There is such wonderful discovery through these pieces, as Caples writes about seeing a particular artwork and working to dig up information on that particular artist, for example, working to follow a particular loose thread as far as it might go. The pieces are simultaneously critical as well as personal, allowing his wealth of inquiry and research into forms both informative and highly readable. His piece on spending time with Barbara Guest’s last work, as well as spending time with her across her final few years, is quite lovely. Other pieces touch upon his association with City Lights, having been poetry editor there for a number of years now: “As 2013 is the 60th anniversary of City Lights Books,” he writes, to open his piece “Apparitions: Of Marie Wilson at City Lights,” “I’ve been reflecting lately on its lost history.

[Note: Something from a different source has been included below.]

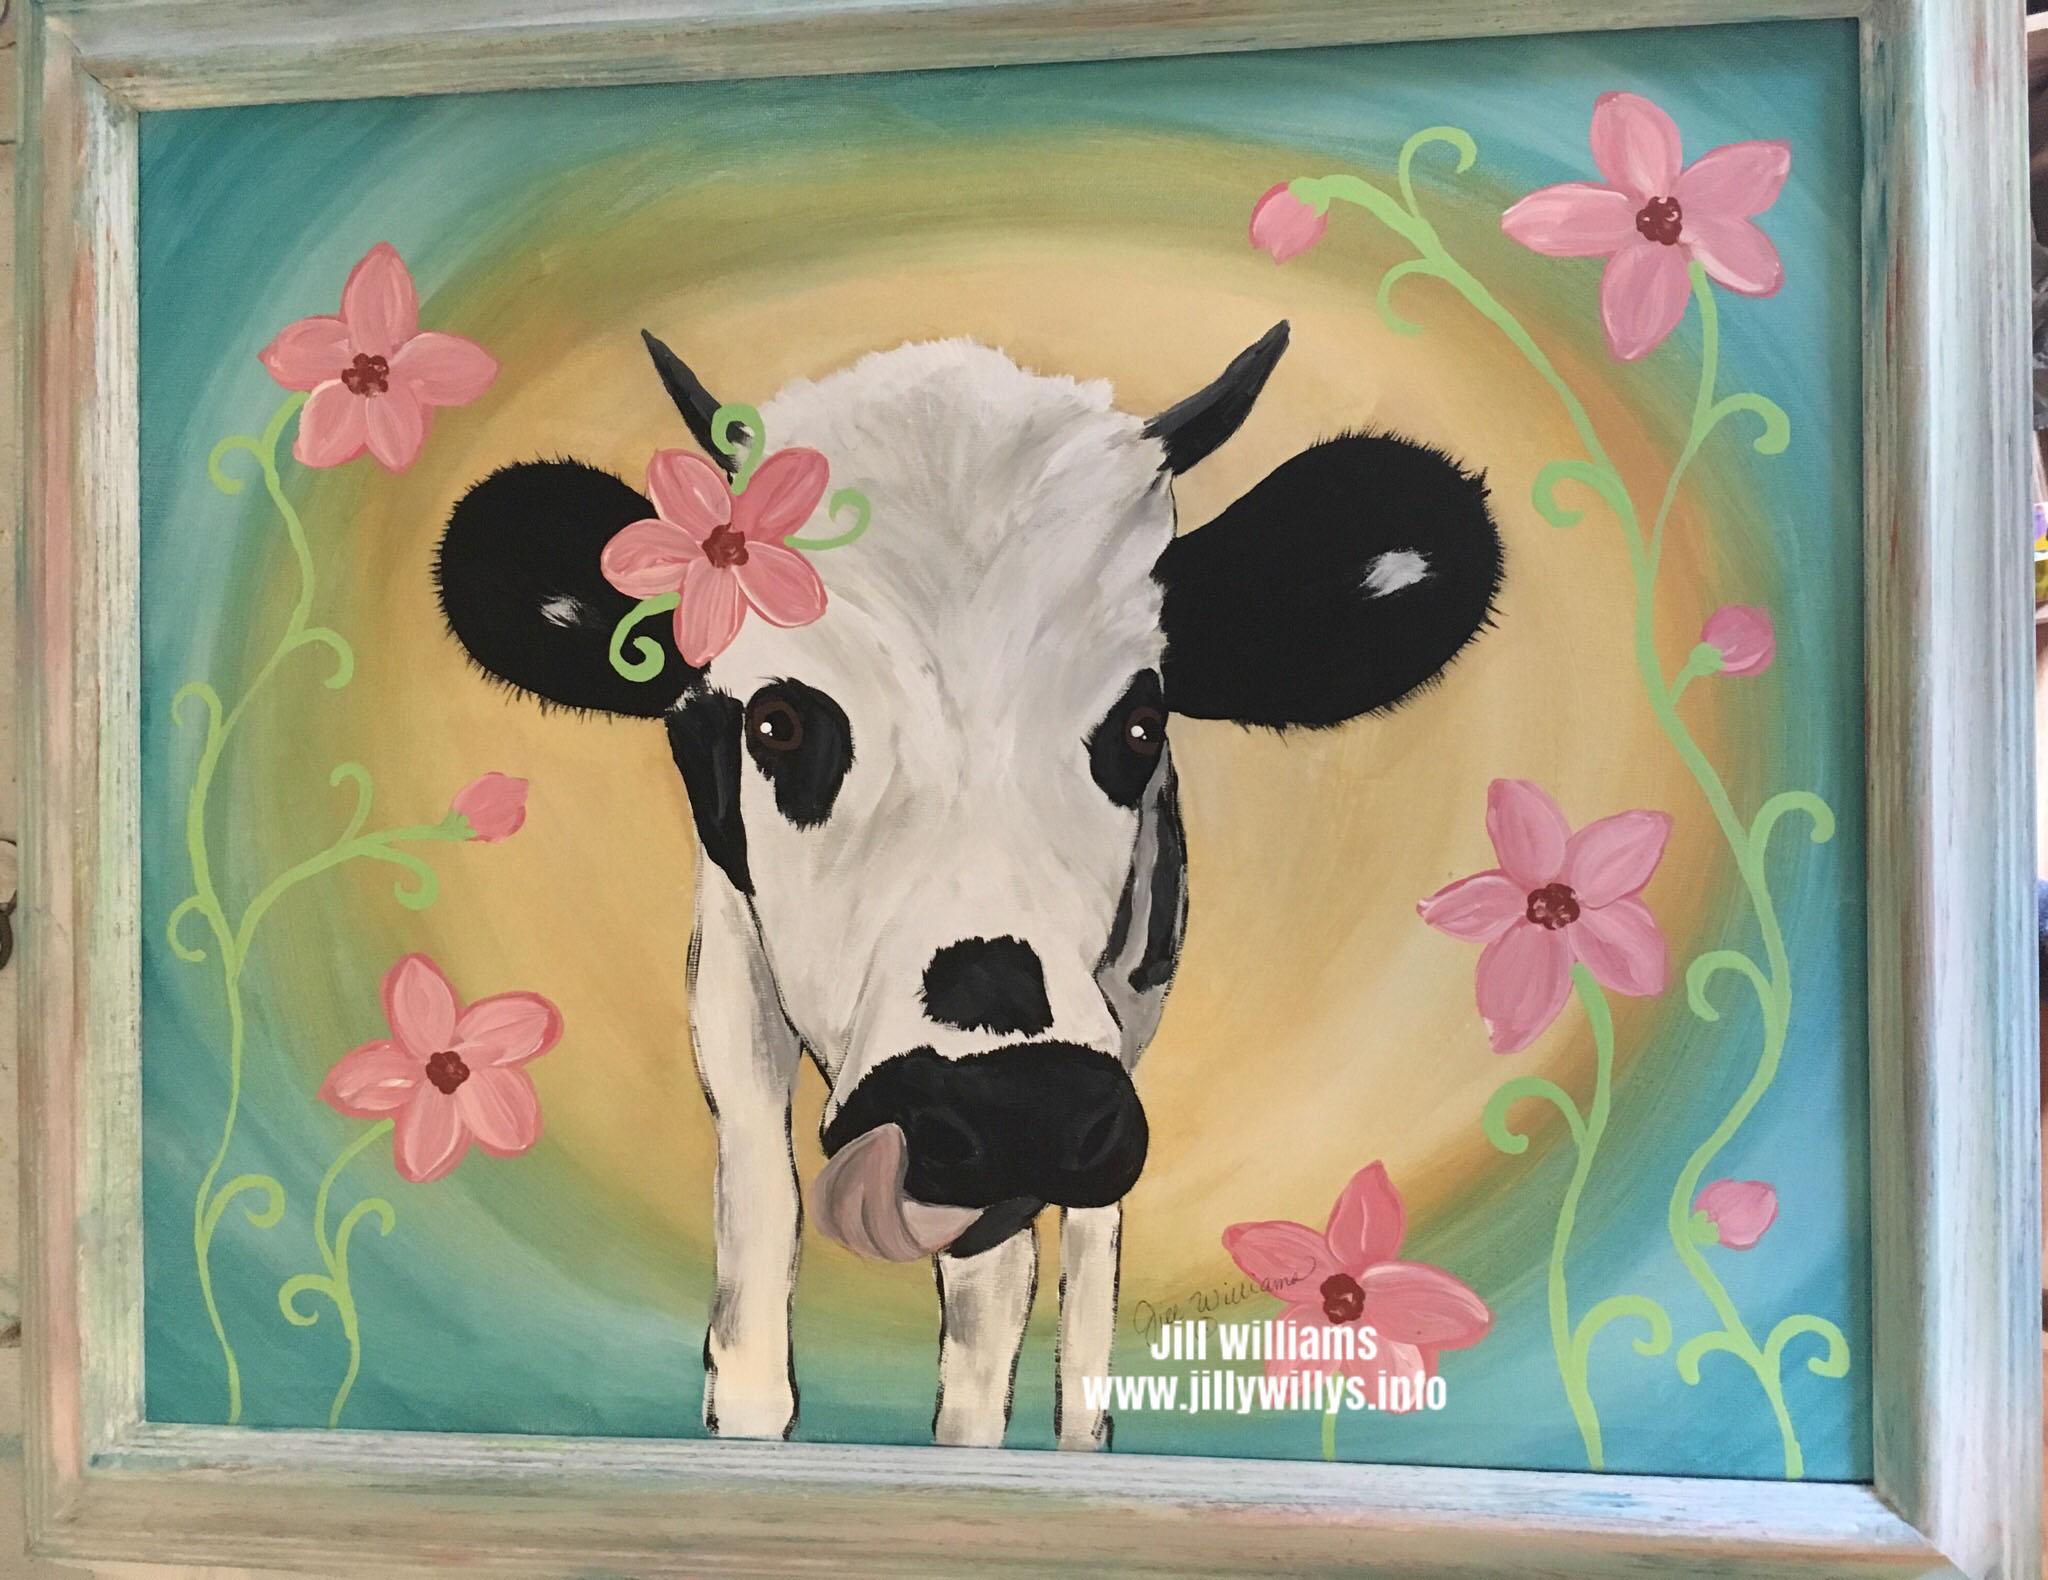 Dazzle - Dazzle the Cow of North GA Zoo and Farm, Cleveland, GA

When I started working there, for example, I came across a catalogue from sometime in the early ‘60s, advertising City Lights publications to the rest of the trade, and I was immediately struck by the appearance, not just of the press’s own titles but the full list of various Bay Area small presses—Oyez, Auerhahn, and White Rabbit, if I remember correctly—which often enough were only available in the bookstore’s then-downstairs poetry section. In a way, City Lights was Small Press Distribution (SPD) avant la lettre, distributing small poetry presses not because it made money but because it was a cool thing to do.”

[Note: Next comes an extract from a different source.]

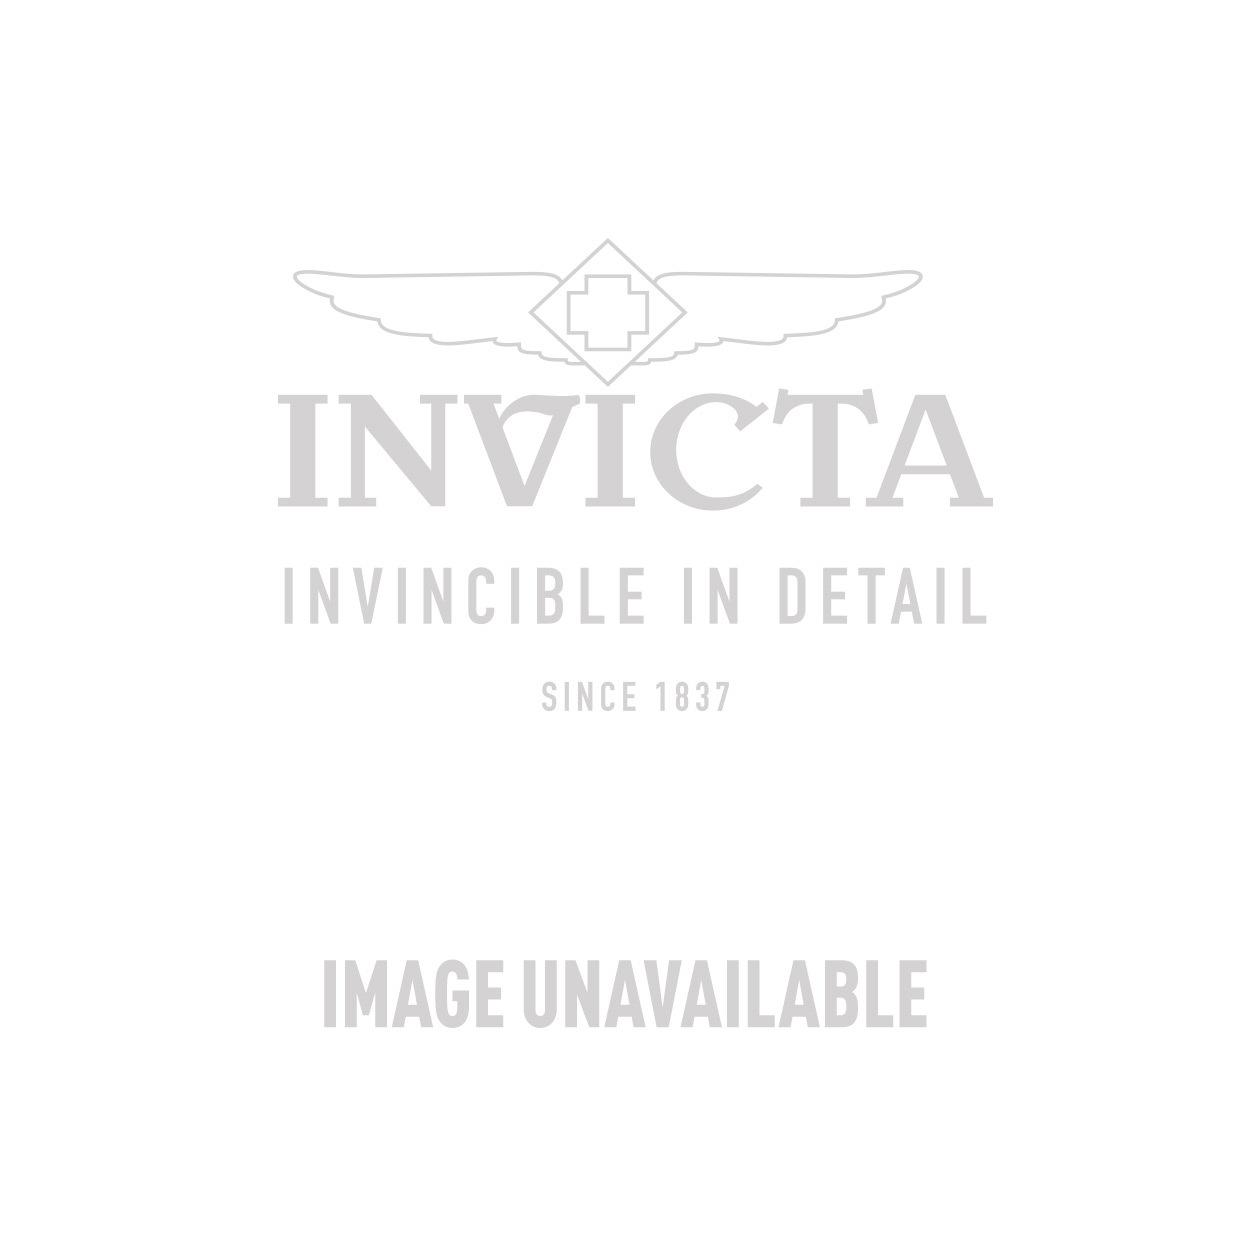 Invicta Model 27218

I’d been a few weeks attempting to find my way into the collection, but found the prologue, “Wittgenstein, A Memoir,” had such an intimidating weight, that I could only find my way in, and way through, by starting to read from the centre of the collection (his piece on Barbara Guest, actually). In certain ways, this collection reminds me of Douglas Crase’s more recent collection of essays (collected across decades of his own critical work on poets and poetry, although covering much of the same period of American poetry) [see my review of such here], in that both collections have allowed me and my own reading new spotlights on a variety of writers that may have fallen into the long shadows of others, especially across the decades since. Some interesting elements through his collection I hadn’t previously considered including Caples’ assertion that surrealism, at least André Breton’s assertion of it, was far more multicultural a movement than anything else occurring during that period across American/French art, writing and thinking, or even the fact that the CIA was deliberately and quietly promoting Abstract Expressionism over surrealism, concerned, in part, over any possibility of revolution or revolt that surrealism might prompt. What is interesting, as well, is Caples’ work around assessing and reassessing the work and life of Philip Lamantia (Caples was also the co-editor of the 2013 collection, The Collected Poems of Philip Lamantia), a poet I had little to no prior knowledge of. As the essay “Philip Lamantia and André Breton” begins:

That the standard biography of André Breton by Mark Polizzotti, which has all the appearance of being exhaustive, nonetheless excludes Philip Lamantia is a disservice not only to both poets but to the reader as well. For surely the reader would be interested to learn that, during his Second World War exile in the United States, Breton admitted but one American poet into the ranks of surrealism—let us not count Charles Duits, who wrote in French and receives ample coverage—that this poet was only 15 at the time, that he went on to become one of the major poets of a generation that includes Creeley and Duncan, O’Hara and Ashbery, and that he was still alive and living in San Francisco at the time of the bio’s original publication.